Após encolher no ano passado em meio aos efeitos da pandemia na atividade econômica, o mercado de terrenos residenciais deve voltar a crescer este ano sustentado pela mudança de hábitos da população.
No ano passado, o recuo nas vendas foi de 4% -, que fez o setor colocar o pé no freio dos lançamentos. Por outro lado, a combinação de aumento da demanda, sem aumento correspondente da oferta, fez com que o estoque de terrenos caísse bastante.
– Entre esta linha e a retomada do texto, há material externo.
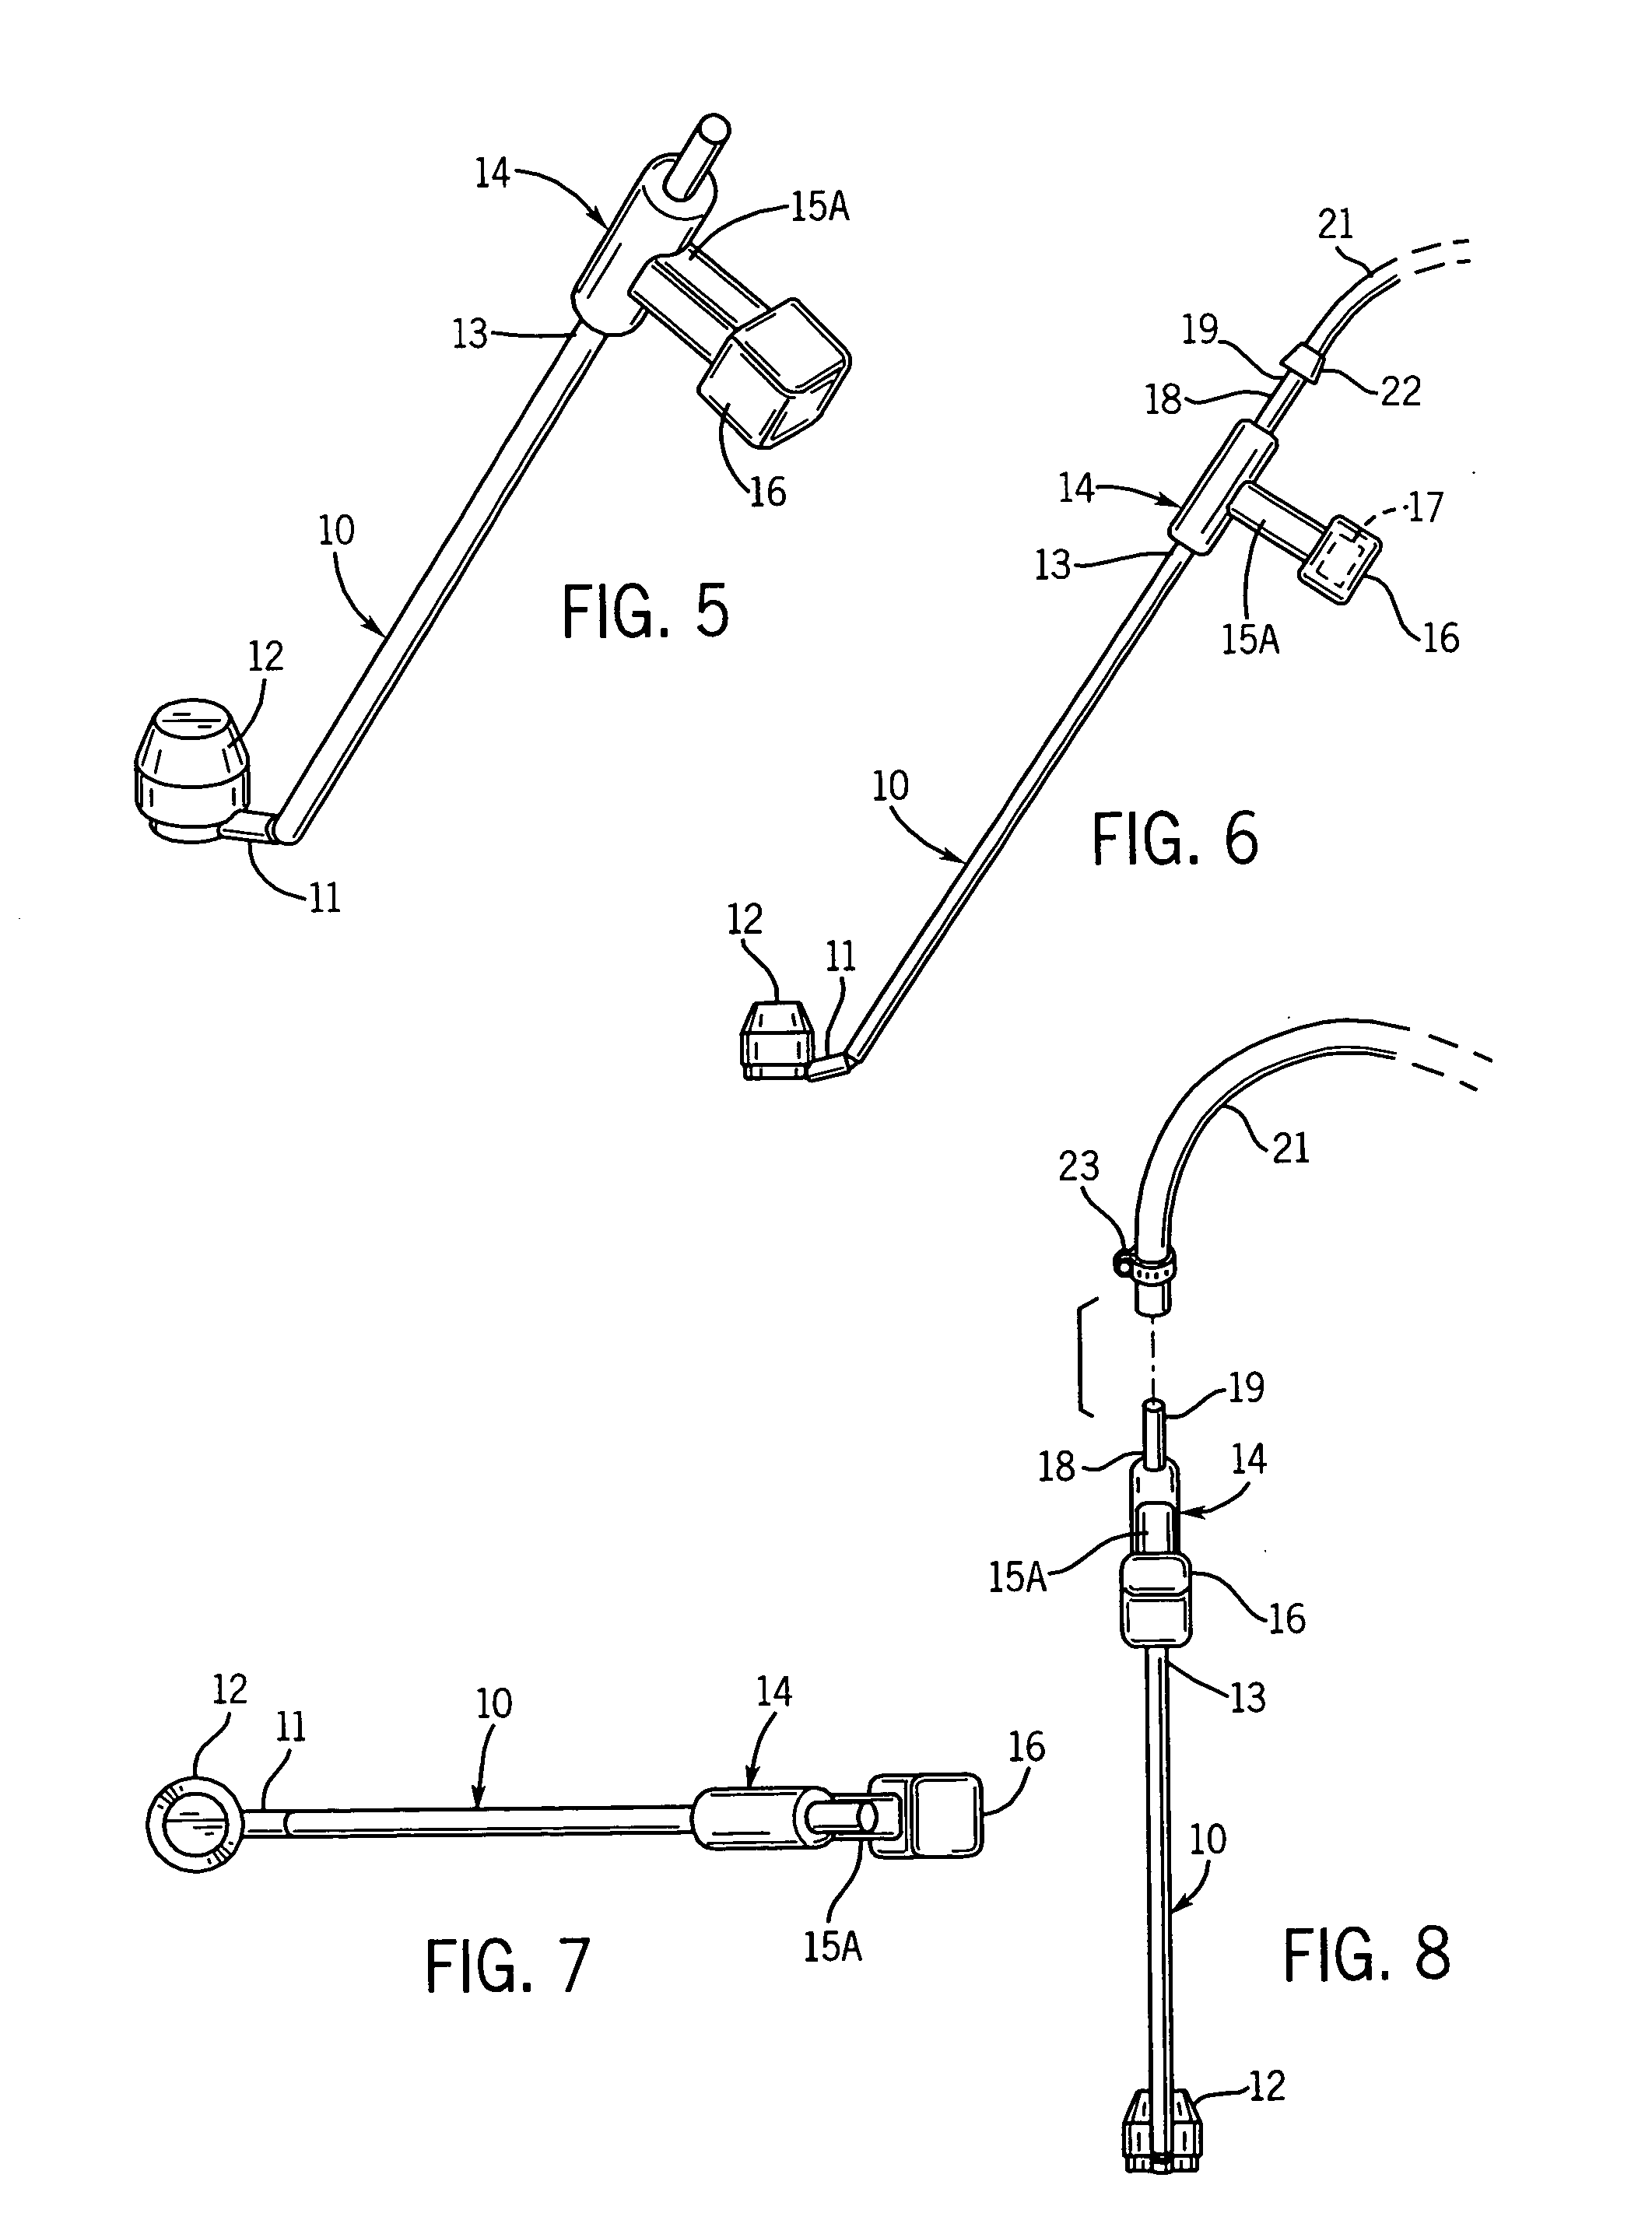 Manually portable electric bilge pump with a rechargeable battery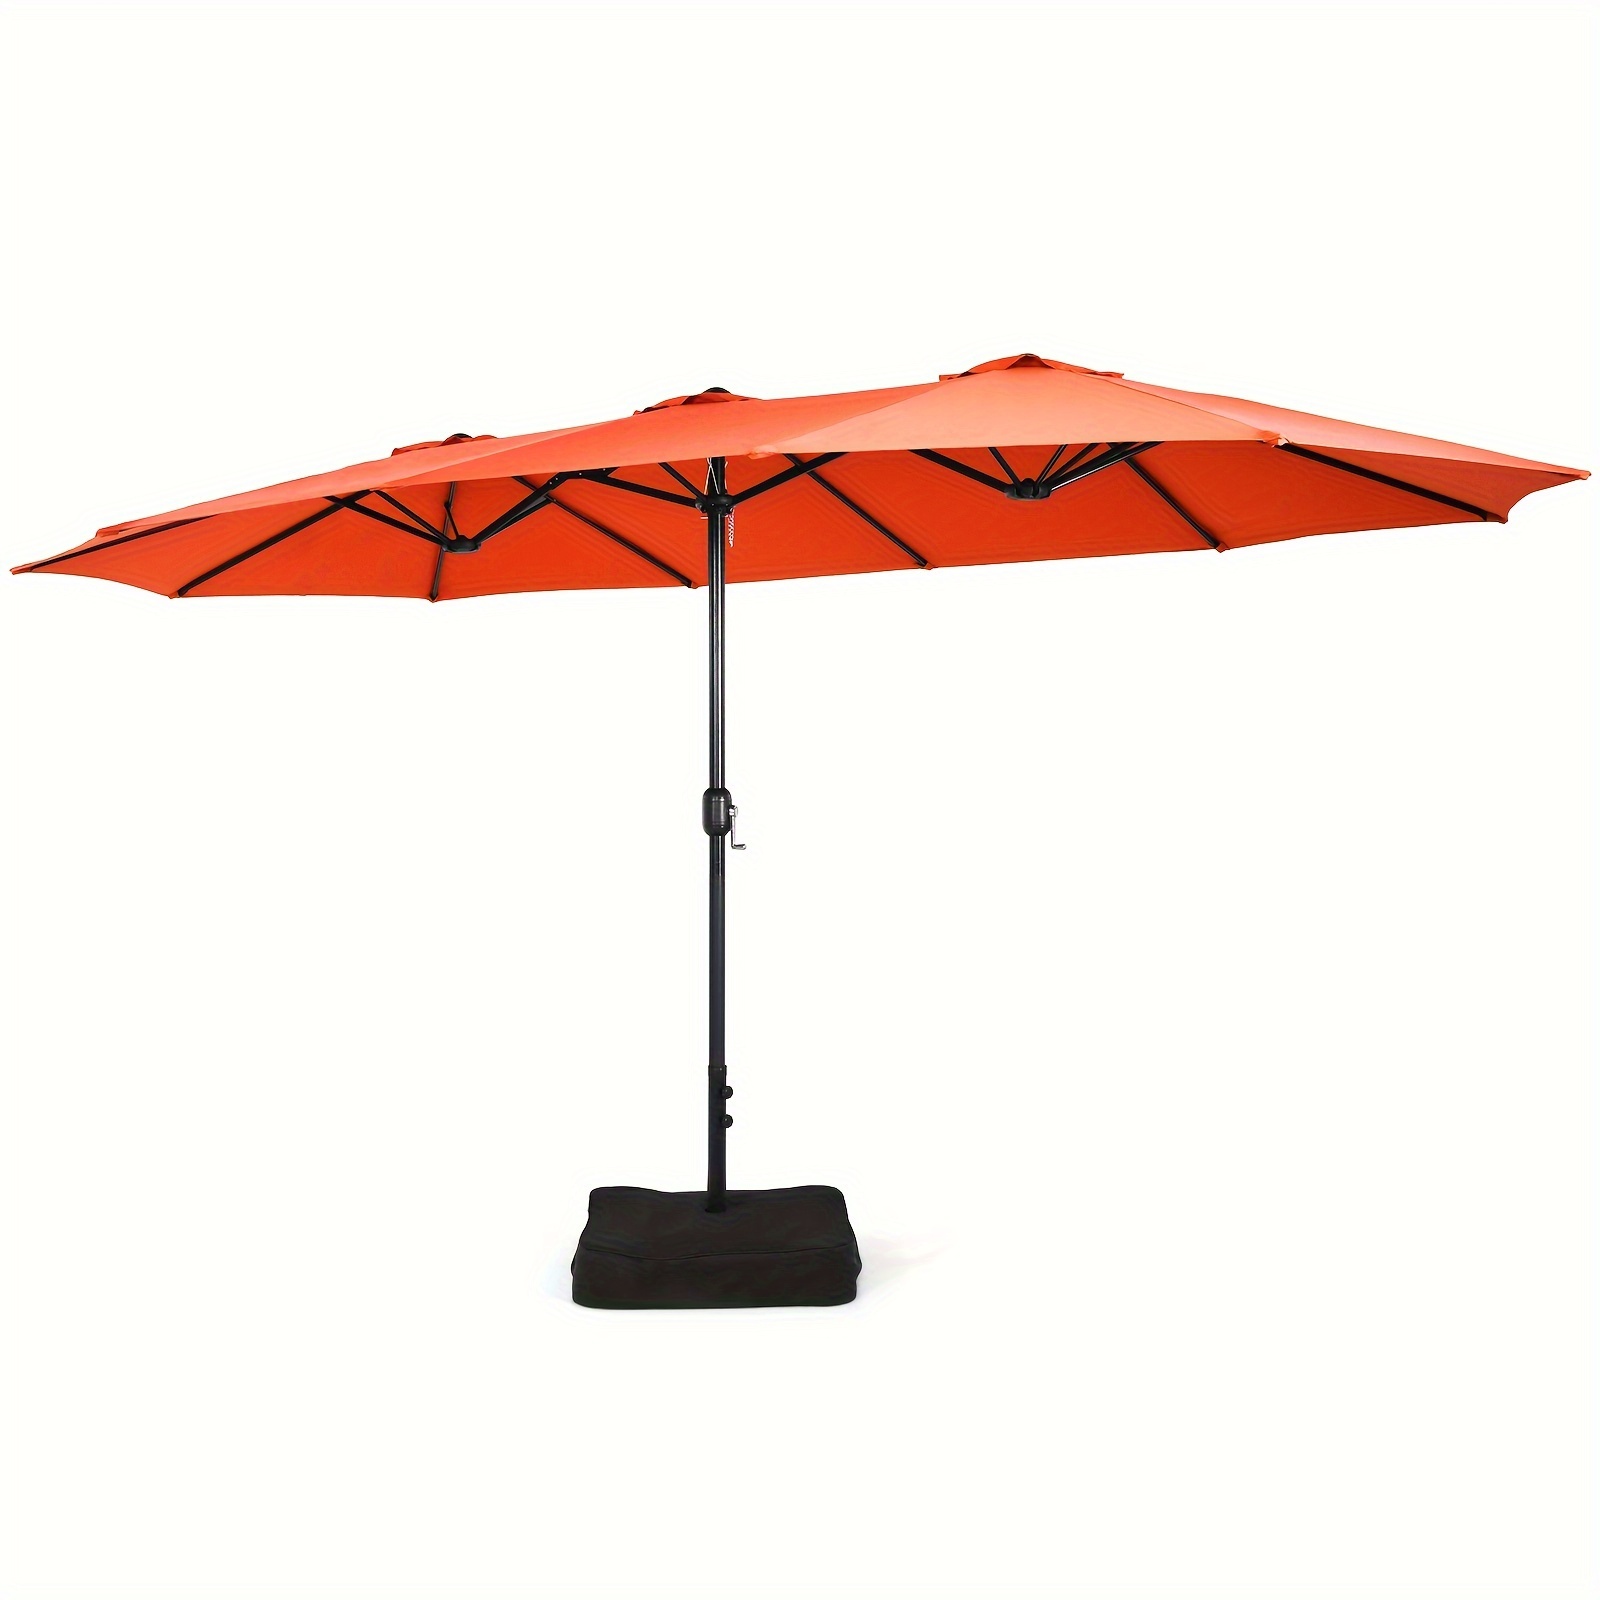 

15ft Double-sided Twin Patio Umbrella With Crank, Outdoor Market Base - Ideal For Garden & Deck Use

De 2018 para cá, o total de lotes disponíveis recuou à metade: de 125,4 mil para 67,4 mil. Só no ano passado, a queda foi de 33%, de acordo com a Aelo, associação das empresas de loteamento e desenvolvimento urbano. A alta na procura já começa a se refletir nos preços.
Tendência é de preços em alta e estabilidade em lançamentos
Se existe demanda e um estoque finito de determinado produto (ou serviço), o caminho natural é que a oferta suba para aproveitar o apetite dos consumidores, certo? No caso dos loteamentos residenciais, de acordo com a Aelo, associação que reúne as empresas do setor, há um empecilho: os altos custos de urbanização, que subiram 50%, atrapalham uma aceleração significativa dos lançamentos de condomínios pelo País.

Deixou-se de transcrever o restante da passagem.